Recorded information:
.....

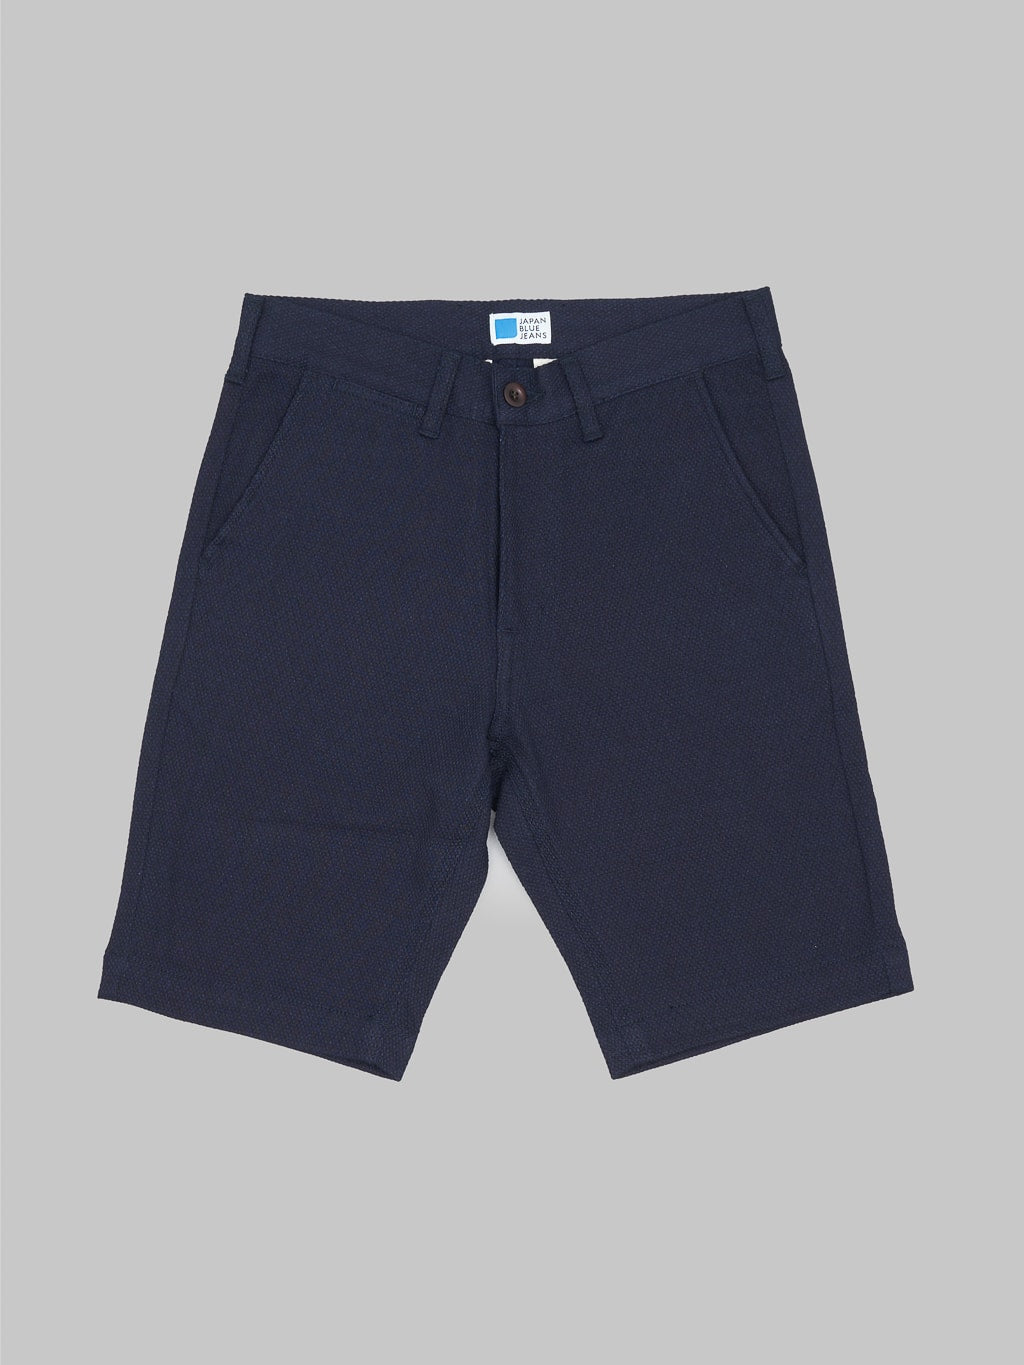 Japan Blue sashiko indigo jacquard shorts waist
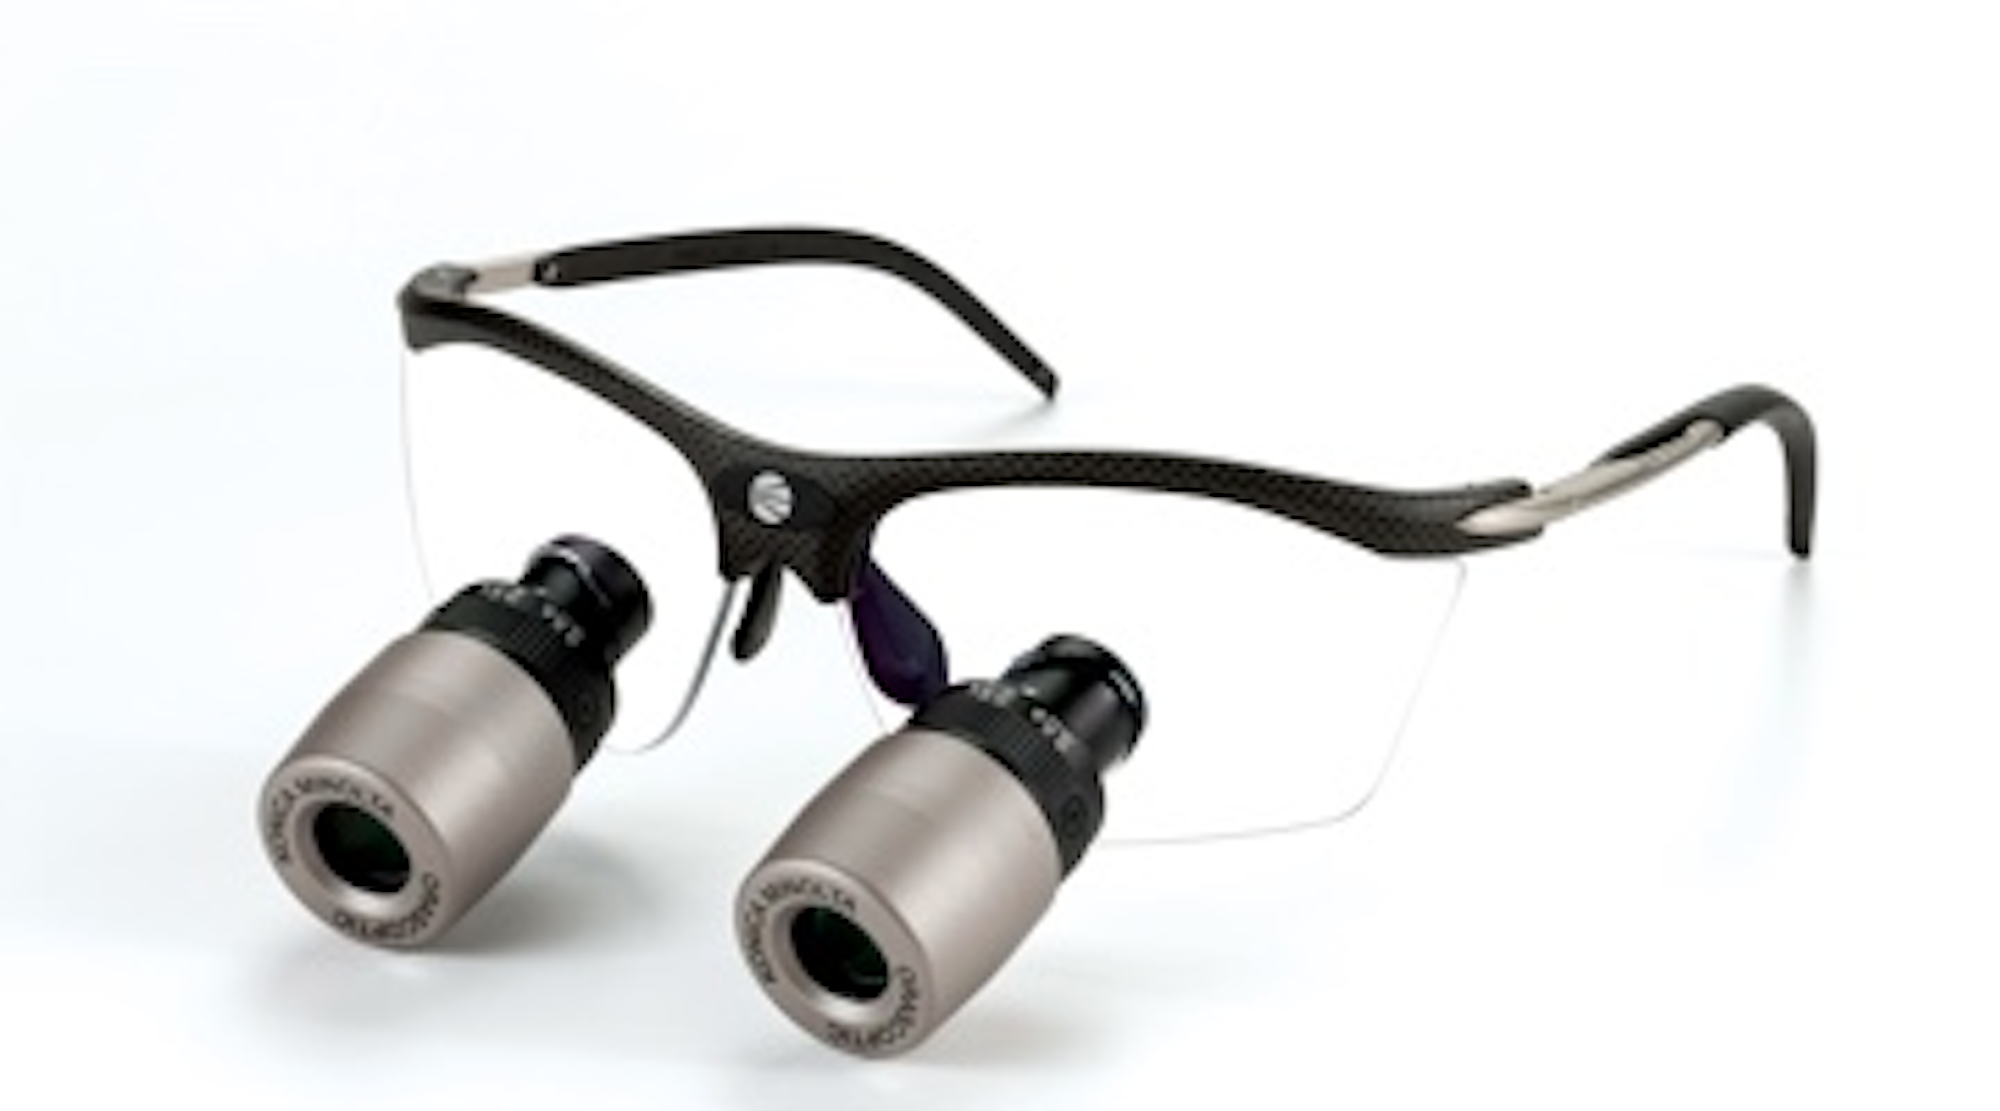 Orascoptic launches EyeZoom Mini adjustable magnification loupe ...
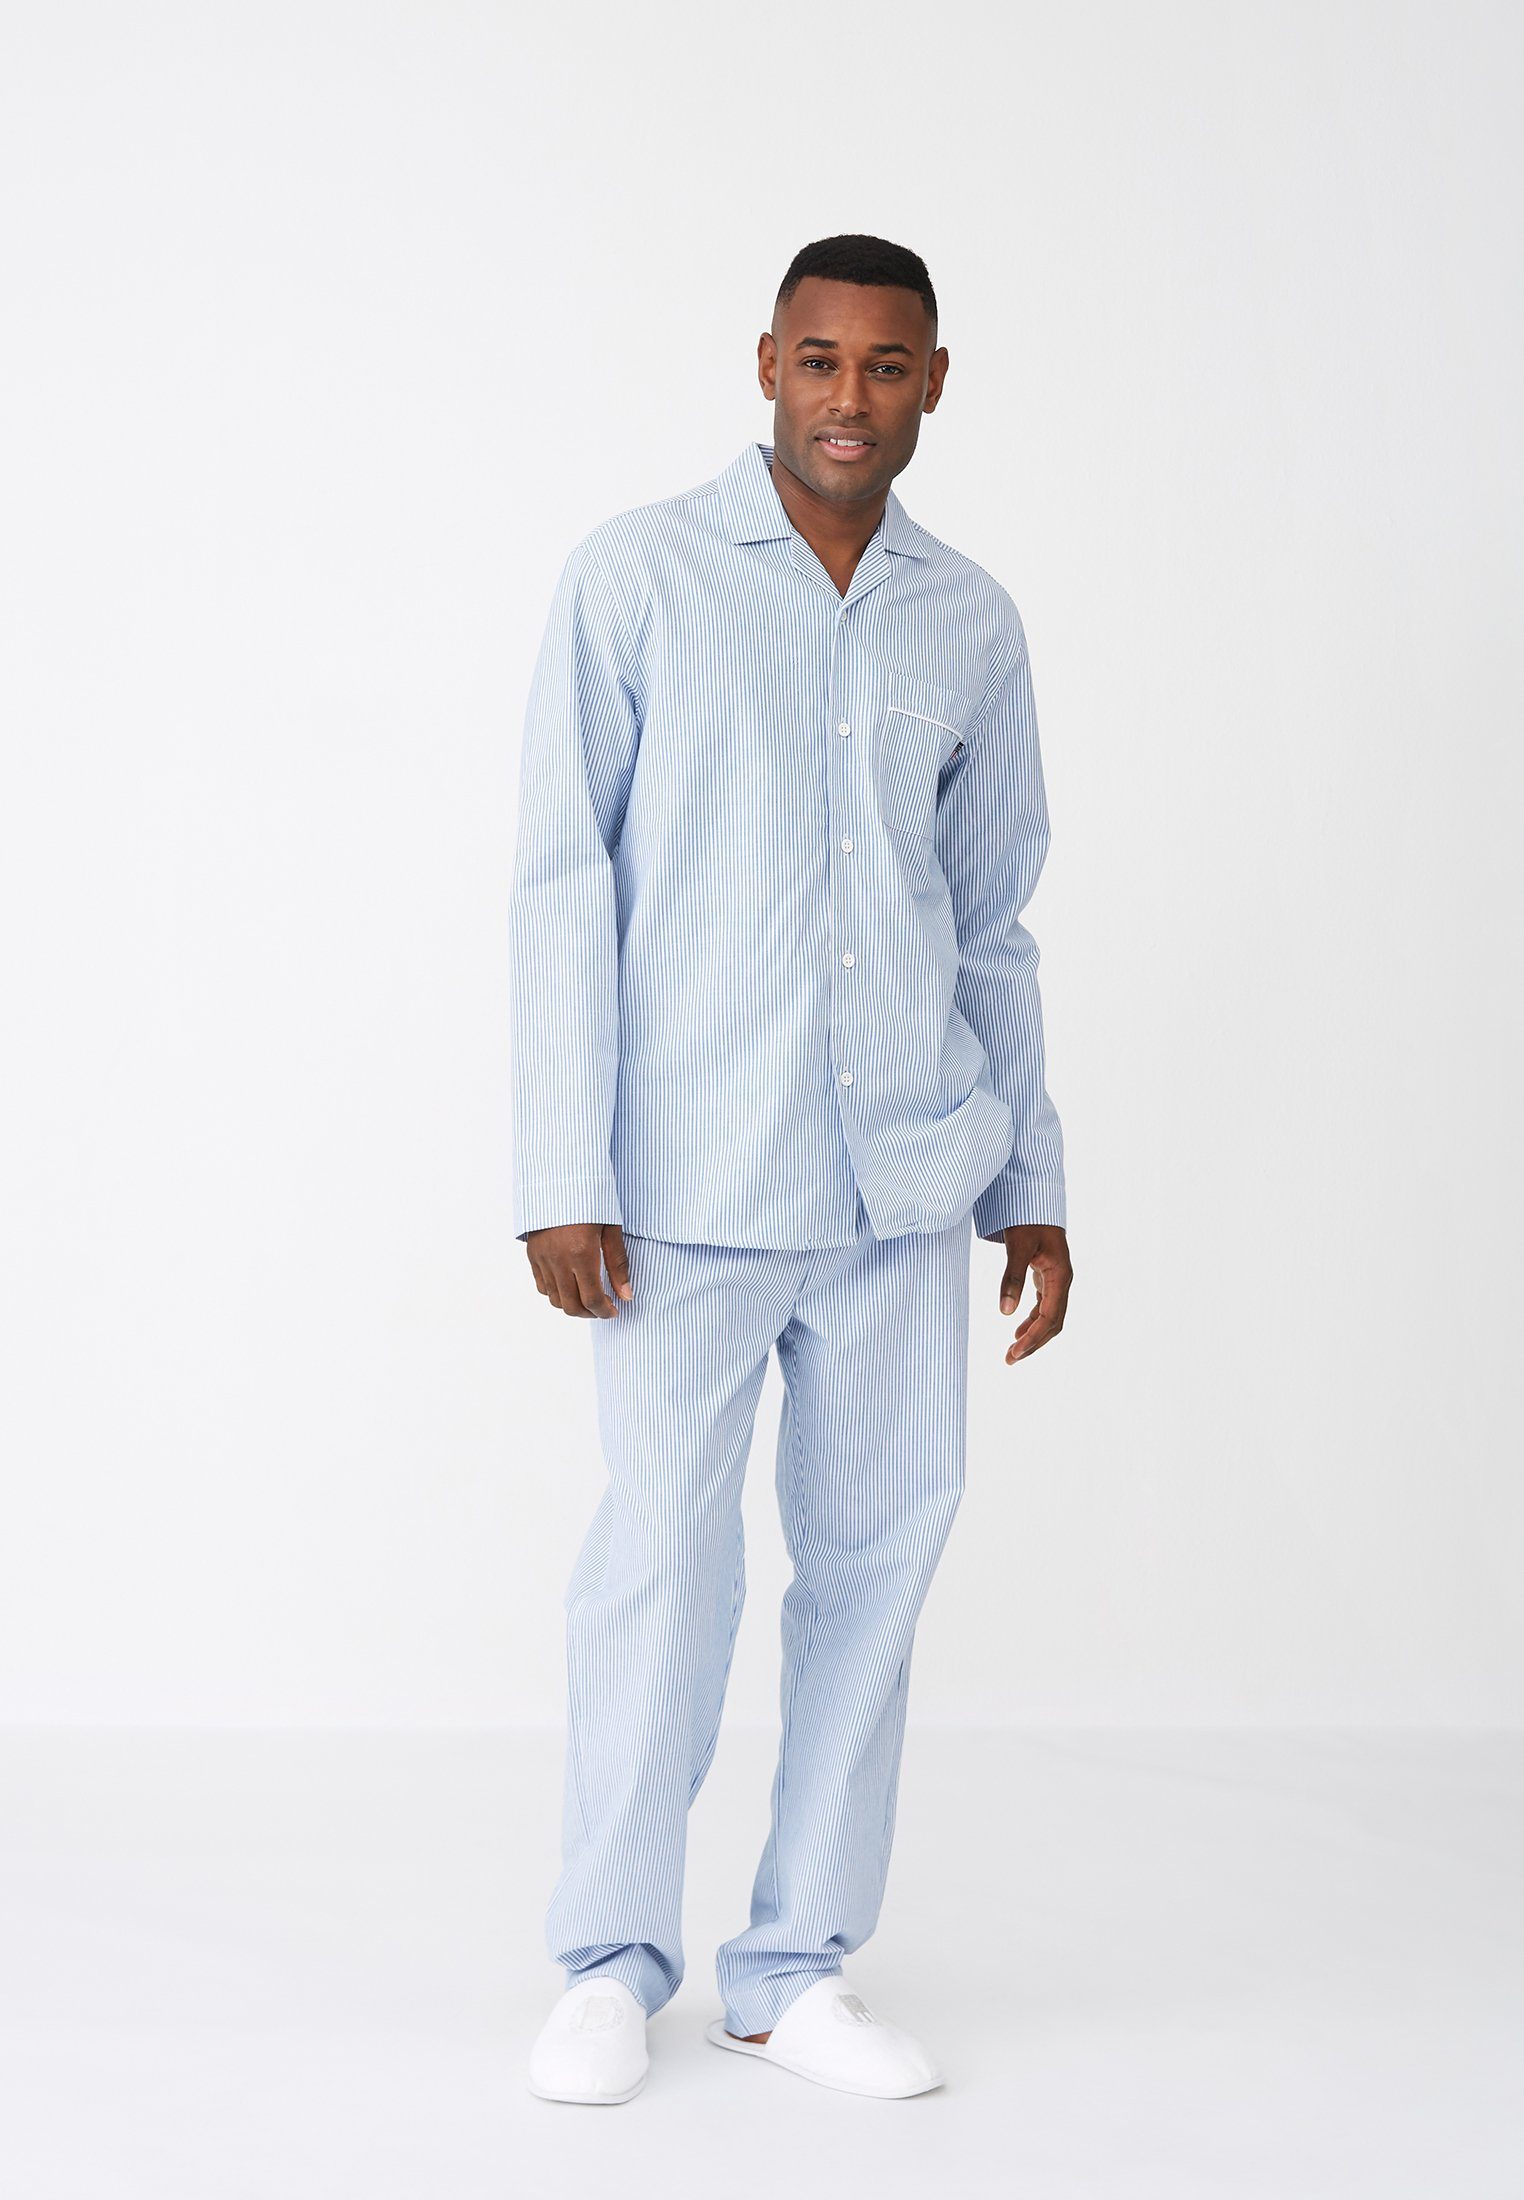 Organic lt Pants Men's Lexington blue/white Pyjamahose Cotton

.....

Prompt:
Exclude every picture and copy the remaining data exactly.

Answer section:
 Japan Blue sashiko indigo jacquard shorts waist
 Orascoptic launches EyeZoom Mini adjustable magnification loupe ...
 Organic lt Pants Men's Lexington blue/white Pyjamahose Cotton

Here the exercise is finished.